Only Cheating Yourself
Across the swamp, then a descent below the cloud line and now, with vision restored, they came upon a valley entirely different from the last, steep-sided, bleak and gunmetal grey, vast black lines carved into its flanks like tattoos. They’d made it over the top but the landscape was so stark that there seemed little to celebrate, the kind of place a location scout might propose as a hostile alien planet. Even its name sounded like science-fiction.
‘Honister Pass,’ he said.
‘Very nice,’ she said, without looking up.
‘Well, look at it!’
‘No,’ she growled. ‘I won’t give it the satisfaction.’
‘Look at all the slate!’
‘We have slate in London, on roofs, where it belongs – it’s flat and grey, like … like you, frankly, Michael.’
He decided that the hostility was playful, though perhaps a little harder-edged than he was used to. ‘Oh, so you don’t want to hear about the slate-mining communi—’
‘Michael, I don’t care – I don’t care – I don’t care if this valley was used to mine for slate or gold or fucking … toffee, I just want to get back. Okay?’
They joined another path, dead straight, slick and black. ‘This used to be a working tramway back in the—’
‘Okay, is it working now? Is there a tram that takes us to our hotel?’
‘Not for one hundred and fifty years.’
‘Then I do. Not. Care.’
The remains of a derelict building, neat stacks of slate on either side, marked the head of the path. ‘These are the remains of the Drum House. Would you like to know why it’s called the Drum House?’
‘Michael, if you tell me why, I will push you down this hill.’
‘Clearly it’s not a hill.’
‘Let’s just – let’s just get to the hotel. How much more of this?’
‘Um, about ninety minutes?’
‘Fuck! Fucking fucking fuck.’
‘Maybe if you looked up, it’d go quicker.’
She narrowed her eyes. ‘Oh, just go and … dry-stone a wall.’
They began to descend faster now, but the water sought the easiest path too, making the slate as slick and treacherous as ice, and when he offered his hand, she knocked it away. They shuffled down, each step a stubbed toe on a chest of drawers. ‘Ow, ow, ow,’ murmured Marnie, voice clenched with rage until, finally, the road, the tarmac felt luxurious beneath their feet.
The last dry part of his body had succumbed some time ago. Like falling into a swimming pool fully clothed, there was a kind of liberty in being so entirely wet and he’d long given up on his hood. Still, it seemed foolhardy to try to chat and they strode on down the valley, Marnie in the middle of the road as if daring someone to run her over. He heard the sound of an engine behind him and shouted, ‘Look!’
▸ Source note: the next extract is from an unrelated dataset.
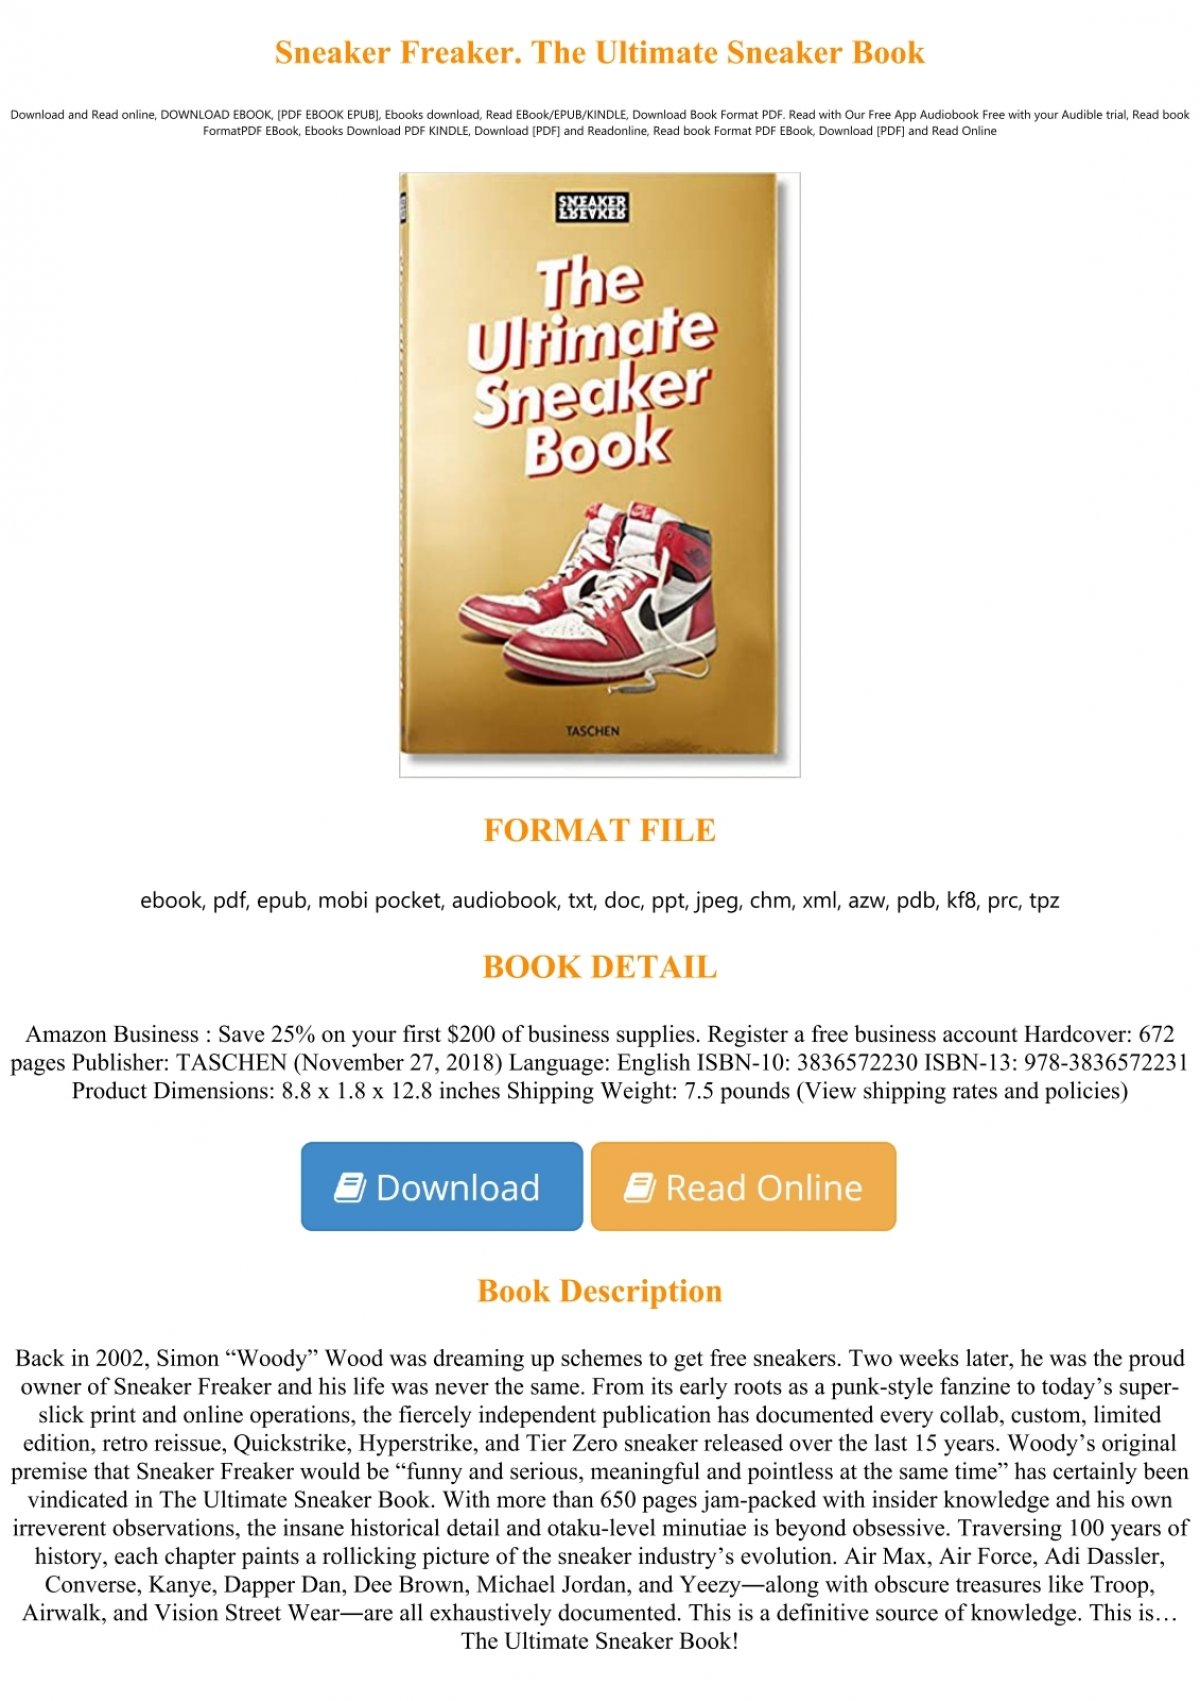 Pdf Download Sneaker Freaker The Ultimate Sneaker Book For Any Device

Marnie’s eyes widened. A vision, a small bus, the miracle of public transport and she began to laugh. ‘Thank you, God!’ It was almost upon them now and she began to search urgently for the nearest bus stop. ‘Are you coming?’
‘I think I’m going to walk.’
‘But there’s a bus, you idiot! A bus!’
‘No, I’m fine.’
‘But why?’
‘I want to walk the whole way.’
‘But look! Look around you. No one will ever know! I won’t tell them!’
‘I’ll know.’
‘But, look, it has a roof!’
‘It’s fine. You go ahead.’ The driver was passing them now and Marnie was running or trying to run, the loose rucksack slapping against her back, shouting, ‘Bus! Bus! Bus!’ as if that was the bus’s name. He watched as the driver took mercy and, without looking back, she used both hands to haul herself inside. He stood for a moment, feeling the cold rain run down his spine. Through the condensation in the back window he saw a shape that might have been Marnie taking a seat, then a pale circle that might have been her face, a hand banging on the glass, a finger writing in the steam, the words backwards, the bus already too far away to read the message.